■ ABOUT THIS EXERCISE ■
Copy exactly the lines of the data below that run from the line holding "Donald Trump reste" through the line holding "Vado a vivere", both ends included.

════════

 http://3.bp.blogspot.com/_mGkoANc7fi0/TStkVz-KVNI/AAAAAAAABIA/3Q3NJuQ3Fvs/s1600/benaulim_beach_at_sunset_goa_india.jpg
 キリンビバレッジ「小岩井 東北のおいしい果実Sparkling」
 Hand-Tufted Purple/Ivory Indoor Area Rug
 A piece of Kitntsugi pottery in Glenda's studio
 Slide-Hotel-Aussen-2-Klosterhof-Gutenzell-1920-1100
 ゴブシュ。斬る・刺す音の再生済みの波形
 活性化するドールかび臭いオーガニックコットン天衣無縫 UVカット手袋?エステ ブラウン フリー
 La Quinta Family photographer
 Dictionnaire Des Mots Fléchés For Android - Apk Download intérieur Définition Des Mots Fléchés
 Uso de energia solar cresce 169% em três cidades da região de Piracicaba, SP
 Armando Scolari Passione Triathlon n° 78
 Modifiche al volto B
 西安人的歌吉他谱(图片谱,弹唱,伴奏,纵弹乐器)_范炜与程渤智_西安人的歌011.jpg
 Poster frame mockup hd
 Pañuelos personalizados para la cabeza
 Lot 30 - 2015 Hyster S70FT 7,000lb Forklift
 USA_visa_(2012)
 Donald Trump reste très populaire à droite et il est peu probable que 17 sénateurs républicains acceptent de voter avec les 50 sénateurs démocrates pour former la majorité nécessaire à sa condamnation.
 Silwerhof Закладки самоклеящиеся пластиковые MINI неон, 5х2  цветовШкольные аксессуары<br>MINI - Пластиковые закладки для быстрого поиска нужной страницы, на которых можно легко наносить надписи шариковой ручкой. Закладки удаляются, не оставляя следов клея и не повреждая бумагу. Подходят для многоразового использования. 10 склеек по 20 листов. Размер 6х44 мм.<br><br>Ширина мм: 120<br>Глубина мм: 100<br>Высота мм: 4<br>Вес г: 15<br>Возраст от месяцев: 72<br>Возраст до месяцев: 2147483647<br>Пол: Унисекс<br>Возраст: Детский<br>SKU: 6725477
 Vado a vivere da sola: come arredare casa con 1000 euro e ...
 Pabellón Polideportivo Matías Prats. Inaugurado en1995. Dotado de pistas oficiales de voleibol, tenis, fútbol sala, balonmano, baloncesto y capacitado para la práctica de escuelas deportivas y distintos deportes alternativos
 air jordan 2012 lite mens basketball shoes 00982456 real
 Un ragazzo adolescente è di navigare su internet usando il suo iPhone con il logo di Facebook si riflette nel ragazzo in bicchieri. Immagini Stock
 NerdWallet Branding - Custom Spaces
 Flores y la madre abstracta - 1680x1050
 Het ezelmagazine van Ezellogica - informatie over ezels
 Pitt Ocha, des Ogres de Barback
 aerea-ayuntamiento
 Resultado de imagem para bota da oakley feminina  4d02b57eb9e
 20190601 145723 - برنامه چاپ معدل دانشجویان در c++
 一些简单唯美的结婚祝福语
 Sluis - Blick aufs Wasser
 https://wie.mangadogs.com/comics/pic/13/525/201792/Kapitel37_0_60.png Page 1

════════

■ EXPECTED ANSWER ■
 Donald Trump reste très populaire à droite et il est peu probable que 17 sénateurs républicains acceptent de voter avec les 50 sénateurs démocrates pour former la majorité nécessaire à sa condamnation.
 Silwerhof Закладки самоклеящиеся пластиковые MINI неон, 5х2  цветовШкольные аксессуары<br>MINI - Пластиковые закладки для быстрого поиска нужной страницы, на которых можно легко наносить надписи шариковой ручкой. Закладки удаляются, не оставляя следов клея и не повреждая бумагу. Подходят для многоразового использования. 10 склеек по 20 листов. Размер 6х44 мм.<br><br>Ширина мм: 120<br>Глубина мм: 100<br>Высота мм: 4<br>Вес г: 15<br>Возраст от месяцев: 72<br>Возраст до месяцев: 2147483647<br>Пол: Унисекс<br>Возраст: Детский<br>SKU: 6725477
 Vado a vivere da sola: come arredare casa con 1000 euro e ...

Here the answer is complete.